I need to find a way to find a way to find the hash for the base64 encoded data in the XML node //note/resource/data, or somehow otherwise match it to the hash value in the node //note/content/en-note//en-media@hash
See below for the full XML file
Please suggest a way to {obtain|match} using XSLT
4aaafc3e14314027bb1d89cf7d59a06c
{from|with}
R0lGODlhEAAQAPMAMcDAwP/crv/erbigfVdLOyslHQAAAAECAwECAwECAwECAwECAwECAwECAwEC
AwECAyH/C01TT0ZGSUNFOS4wGAAAAAxtc09QTVNPRkZJQ0U5LjAHgfNAGQAh/wtNU09GRklDRTku
MBUAAAAJcEhZcwAACxMAAAsTAQCanBgAIf8LTVNPRkZJQ0U5LjATAAAAB3RJTUUH1AkWBTYSQXe8
fQAh+QQBAAAAACwAAAAAEAAQAAADSQhgpv7OlDGYstCIMqsZAXYJJEdRQRWRrHk2I9t28CLfX63d
ZEXovJ7htwr6dIQB7/hgJGXMzFApOBYgl6n1il0Mv5xuhBEGJAAAOw==
This sample XML file has obviously been trimmed for brevity/simplicity. The actual may contain > 1 image per note, therefore the need to obtain/match hashes.
The XML file:
<?xml version="1.0" encoding="UTF-8"?>
<!DOCTYPE en-export SYSTEM "http://xml.evernote.com/pub/evernote-export.dtd">
<en-export export-date="20091029T063411Z" application="Evernote/Windows" version="3.0">
<note>
<title>A title here</title>
<content><![CDATA[
<?xml version="1.0" encoding="UTF-8"?>
<!DOCTYPE en-note SYSTEM "http://xml.evernote.com/pub/enml.dtd">
<en-note bgcolor="#FFFFFF">
<p>Some text here (followed by the picture)

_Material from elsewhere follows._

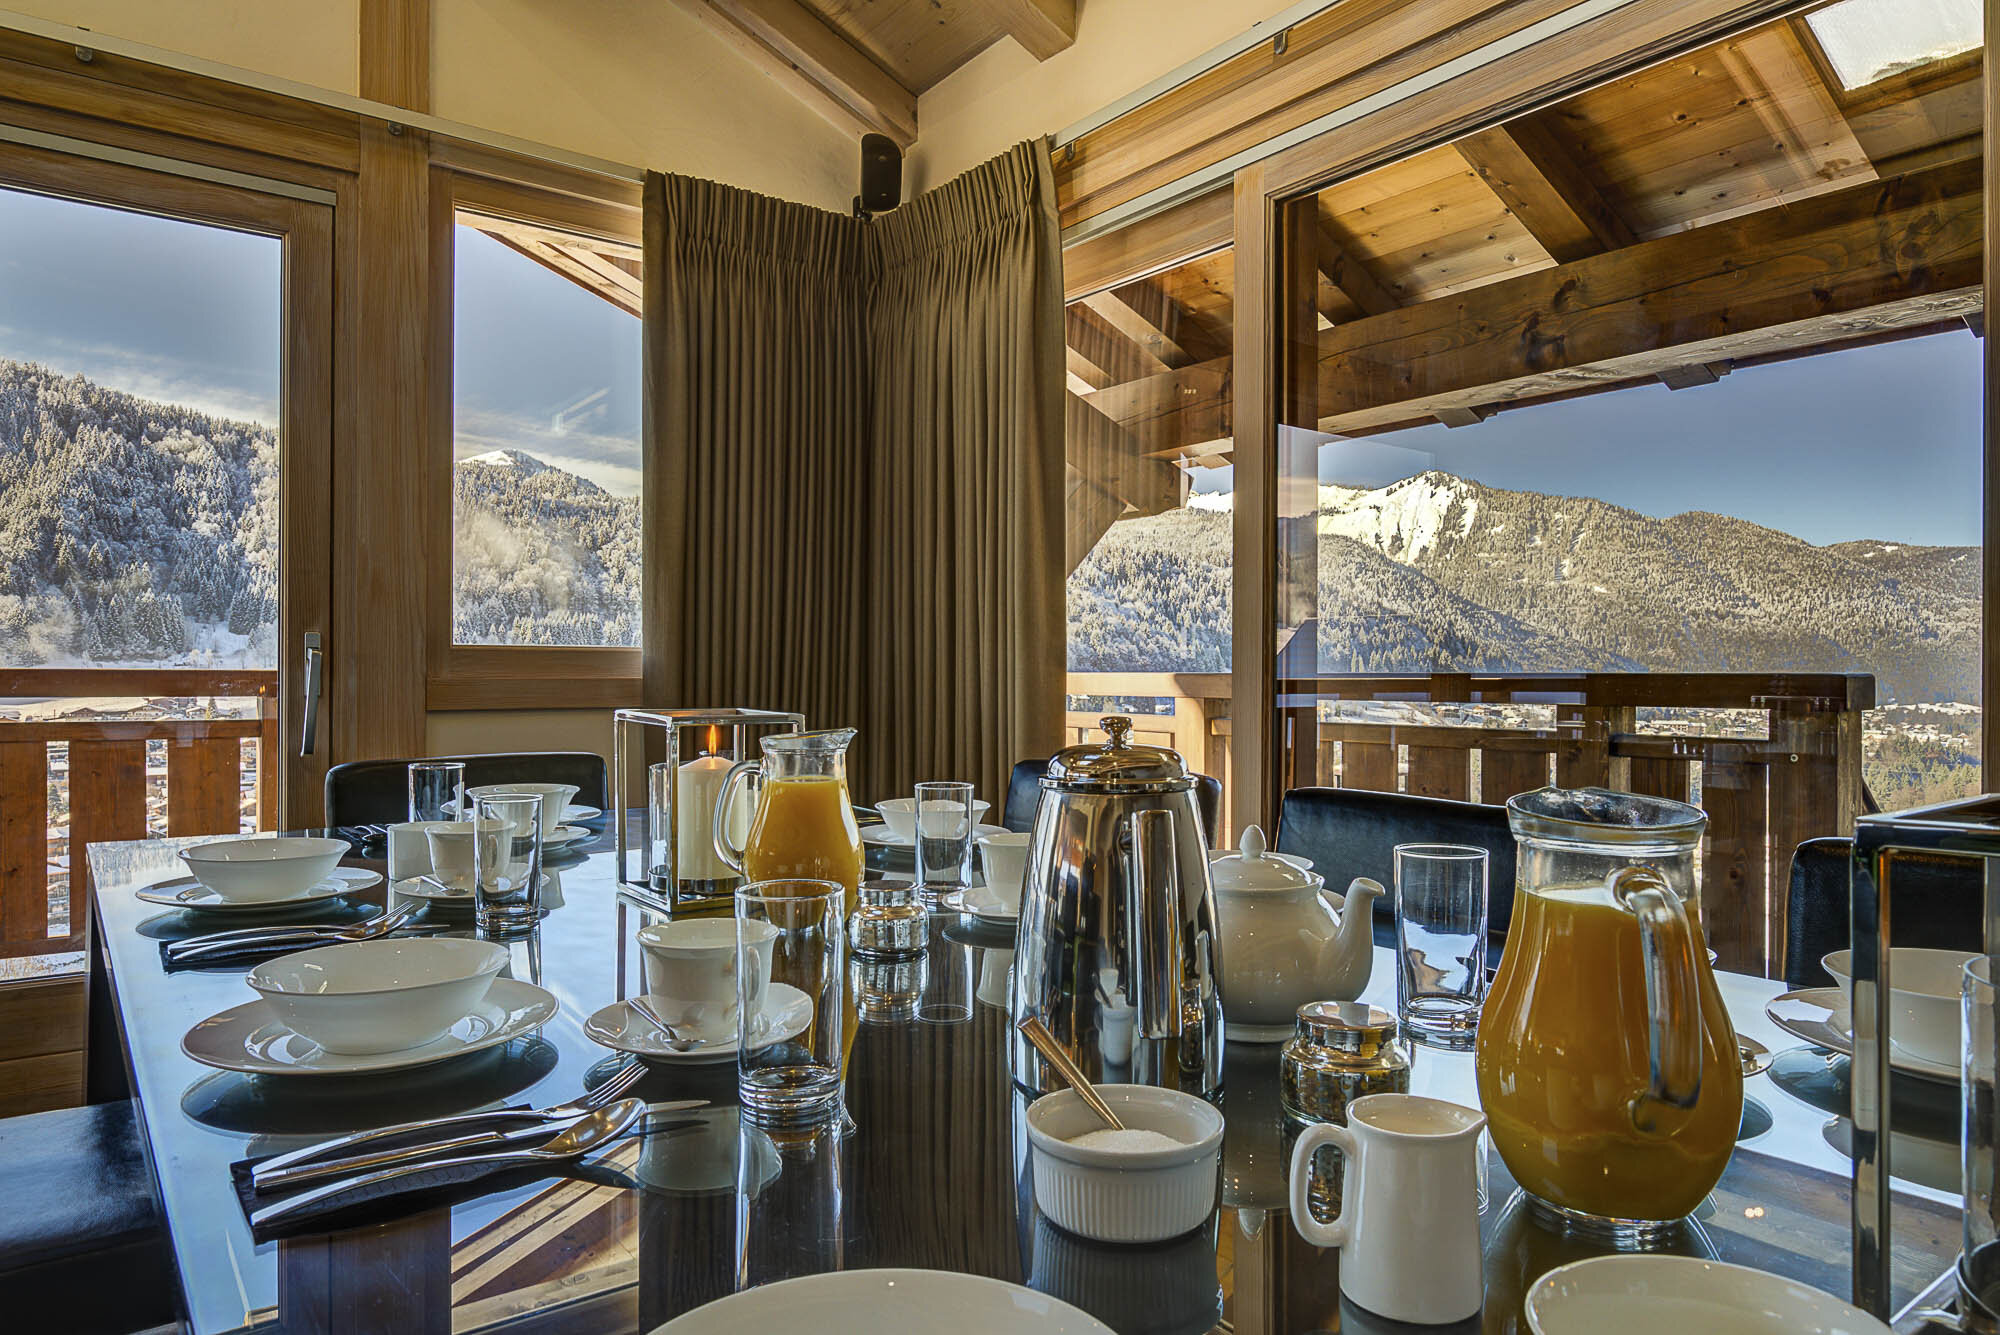 tg-ski-luxury-chalet-bouquetin-morzine-003.jpg

<p><en-media hash="4aaafc3e14314027bb1d89cf7d59a06c" type="image/gif" border="0" width="16" height="16" alt="A picture"/></p>
<p>Some more text here (preceded by the picture)
</en-note>
]]></content>
<created>20090925T063154Z</created>
<note-attributes>
<author/>
</note-attributes>
<resource>
<data encoding="base64">
R0lGODlhEAAQAPMAMcDAwP/crv/erbigfVdLOyslHQAAAAECAwECAwECAwECAwECAwECAwECAwEC
AwECAyH/C01TT0ZGSUNFOS4wGAAAAAxtc09QTVNPRkZJQ0U5LjAHgfNAGQAh/wtNU09GRklDRTku
MBUAAAAJcEhZcwAACxMAAAsTAQCanBgAIf8LTVNPRkZJQ0U5LjATAAAAB3RJTUUH1AkWBTYSQXe8
fQAh+QQBAAAAACwAAAAAEAAQAAADSQhgpv7OlDGYstCIMqsZAXYJJEdRQRWRrHk2I9t28CLfX63d
ZEXovJ7htwr6dIQB7/hgJGXMzFApOBYgl6n1il0Mv5xuhBEGJAAAOw==
</data>
<mime>image/gif</mime>
<resource-attributes>
<file-name>clip_image001.gif</file-name>
</resource-attributes>
</resource>
</note>
</en-export>
Implemented solution
Using concept of the solution suggested by Jackem. The main difference is that I avoid creating my own Java class (and creating an extra dependency). I do the processing within the XSLT, since it's straight forward enough, only referencing external dependencies that come with the basic Java libraries.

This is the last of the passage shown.